Looks like we're in the same boat. I was modeling for a larger trunk this whole time. They do sound really good with the carpet missing though. I have a dead space in the wall at home, probably 20 cubes or so, that might become their new home. Then again it would be pretty easy to take one out and screw a piece of mdf over it.


----------



## sqshoestring (Jun 19, 2007)

Flat to 40, you only need 1cf box for that....get a dayton. There is a lot of sound under 35hz in most music, at least stuff after the 60s. You can have 30hz, why not do it?


----------



## Schramm (Mar 12, 2012)

sqshoestring said:


> Flat to 40, you only need 1cf box for that....get a dayton. There is a lot of sound under 35hz in most music, at least stuff after the 60s. You can have 30hz, why not do it?


Exactly. To be clear, flat to 30Hz is the goal. IB takes up less space and makes it possible to use very large and efficient drivers, with excellent transient response if parameters are properly matched to the trunk volume.


----------



## Schramm (Mar 12, 2012)

Actually, I thought of a few reasons why FLAT to 30Hz may be difficult, not because it is difficult with IB, but because of the equipment I have selected. 

1) I suspect the JBL 2241G's earlier roll off may require more sophisticated low end equalization than available in Clarion DRZ9255, where PEQ is 1/3 octave, adjustable in three bands with frequency centers of 50, 63, 80, 100, 125, .... through 20kHz. Cuts on these frequencies to flatten the response would also effect the midbass, assuming crossover point of 70Hz. This is a little more limiting than 31 band graphic EQ available in most dedicated DSP's with adjustments as low as 25Hz, independent for each driver. However, budget has already been exceeded.

2) Flat to 30Hz will require more power. May need a different amplifier or accept lower overall output levels.

3) Fs of 2241G is 35Hz. Most drivers exhibit inductance changes and rising impedance when approaching Fs. This may electrically limit the drivers response. Cabin gain may help quite a bit, but I am not sure how to predict the in car response curve.


----------



## quietfly (Mar 23, 2011)

sub'd


----------



## stryke23x (Jun 22, 2007)

Hi everyone. Wanted to address a few things here. First off, updated parameters for the IB15AU are posted on the main website now. Those parameters will be consistent for a long time to come. I plan to get the SBP15 parameters up soon as well. Both are available to order. 
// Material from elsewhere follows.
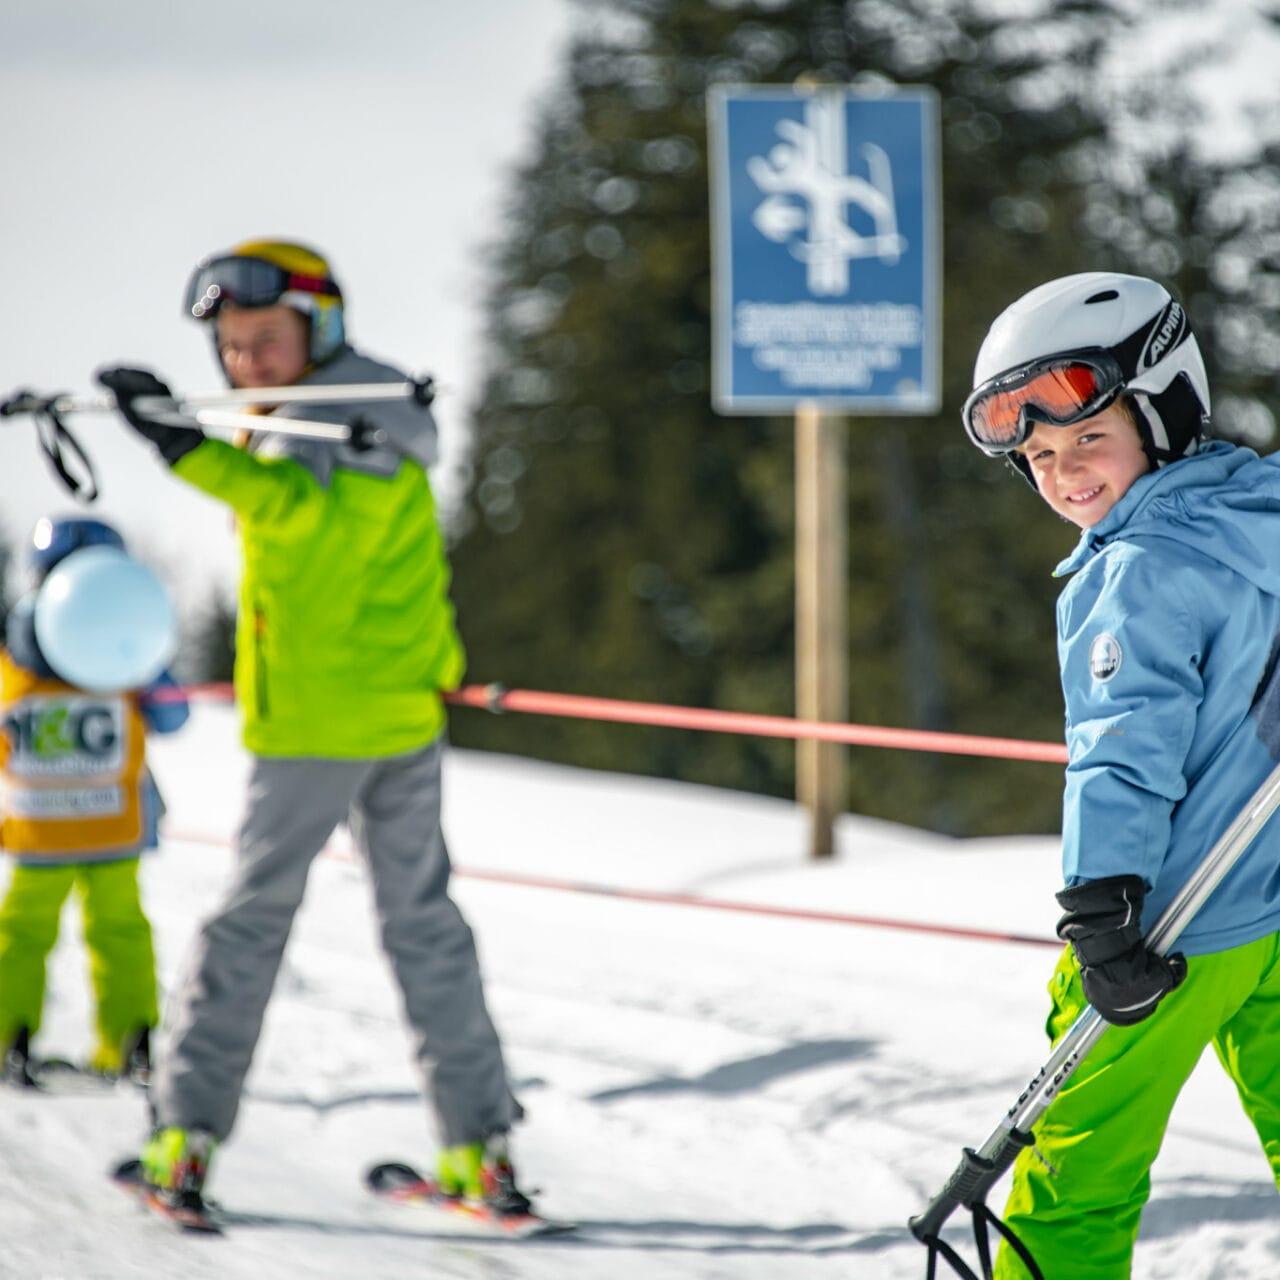 Hofgut-wagrain-apartment-lifestyle-resort-erleben-im-winter-familienwinter-skifahren-mit-Kindern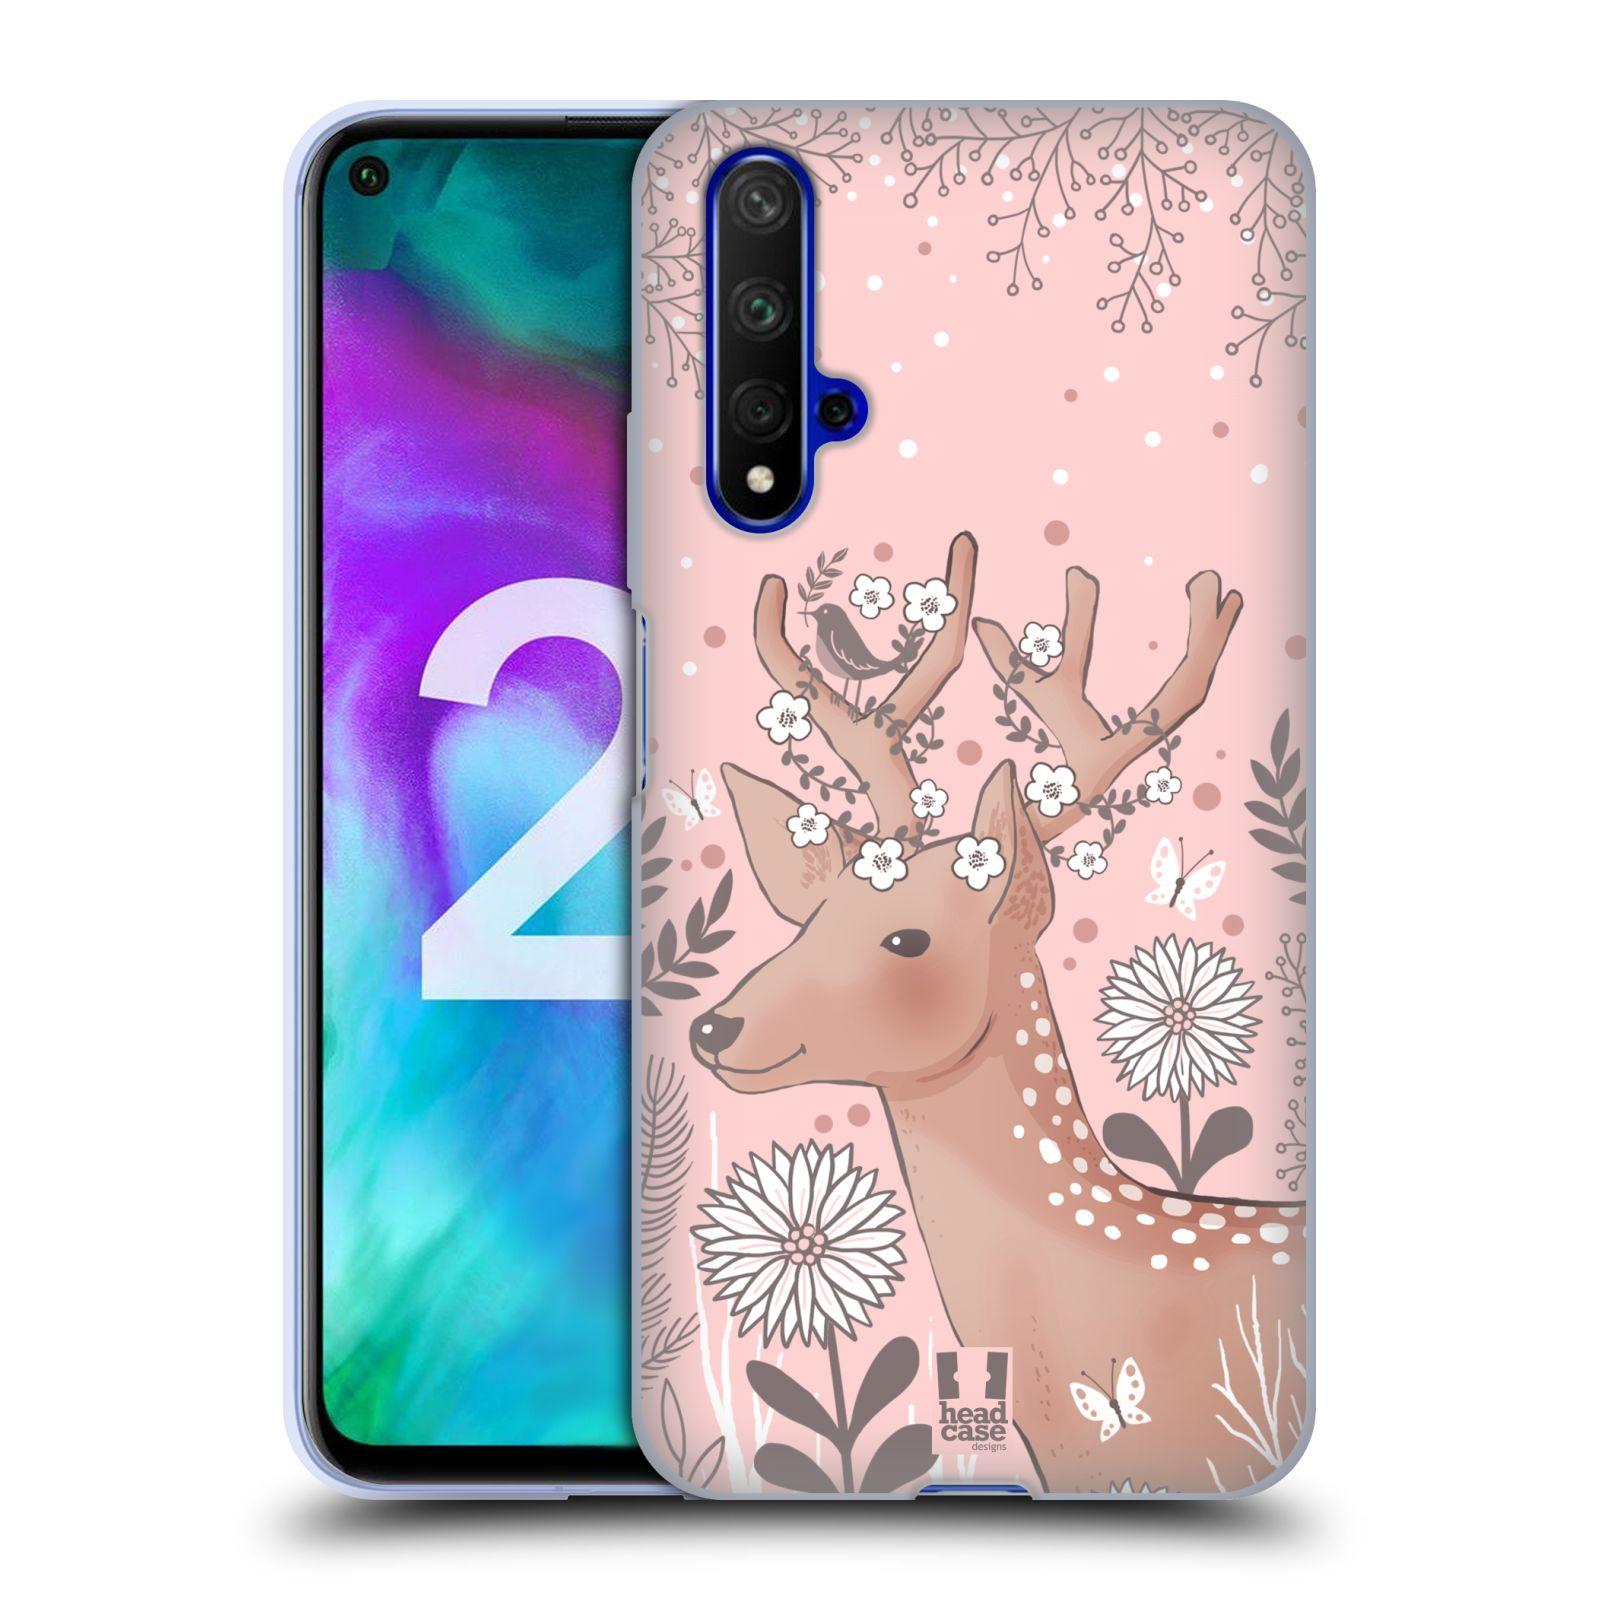 Silikonové pouzdro na mobil Honor 20 - Head Case - Jelíneček

I made a similar post in another thread but figured it was worth commenting here as well. In a vehicle, you will have a lossy enclosure due to the trunk never being completely sealed. Vents, tail lights, trunk seal, etc will never be completely air tight. As a result the apparent volume of the trunk will seem larger than it really is. Once you start putting things in the trunk though, that volume comes back in. That should also be taken into account when trying to determine what your actual volume is. 

That said, the IB15AU and SBP15 are two different options for car IB use. The IB15AU uses a 5.25" diameter motor and the SBP15 uses the 6.125" diameter motor. The SBP15 motor gives about 30% more BL than the IB15AU motor does. This extra motor strength lowers the Q of the driver allowing it to work in a smaller space. It also has a larger 19mm thick top plate instead of the 10mm top plate in the IB15AU. This gives a flatter BL curve for lower distortion. Both use the Lambda style motor with full copper sleeve on the pole. AE Speakers --- Superb Quality, Unforgettable Performance, Definitely.

The cabin effects are separate from what the drivers themselves will do. The IB15AU and SBP15 can be compared based on the volume available in the vehicle. The higher motor strength of the SBP15 will always lead to a lower Q and flatter response as the enclosure gets smaller. You can see how the two woofers compare to each other here and see how each compares based on enclosure volumes.




















You can see that the SBP15 stays flatter as the enclosure volume gets smaller. It also has more efficiency up top. This is ideal when most systems lack midbass. There are a few reasons for this lack of midbass. Sometimes you deal with all of the issues at once and get the perfect storm where your midbass totally disappears. 

Many drivers with large, heavy VC have such high inductance that they already begin to roll off by 60hz or so. By 100hz they can be several dB down already. Choosing a driver that can cleanly play to a full octave above your crossover point is ideal to eliminate rolloff and inductance related distortion. Secondly, you may be getting cancellations between the woofers and the front stage at these upper bass frequencies if they are not time aligned/in phase properly. DSP to correct the phase/time alignment can correct this. There is also much less cabin gain at the higher frequencies to begin with. Below is a transfer function measured in my Audi S4. You can see that from 60-100hz there is only about 10dB of gain and the response increases under 60hz. At 22hz there is almost 35dB of cabin gain. It takes a lot of output from the driver to make up for that in the upper octaves. 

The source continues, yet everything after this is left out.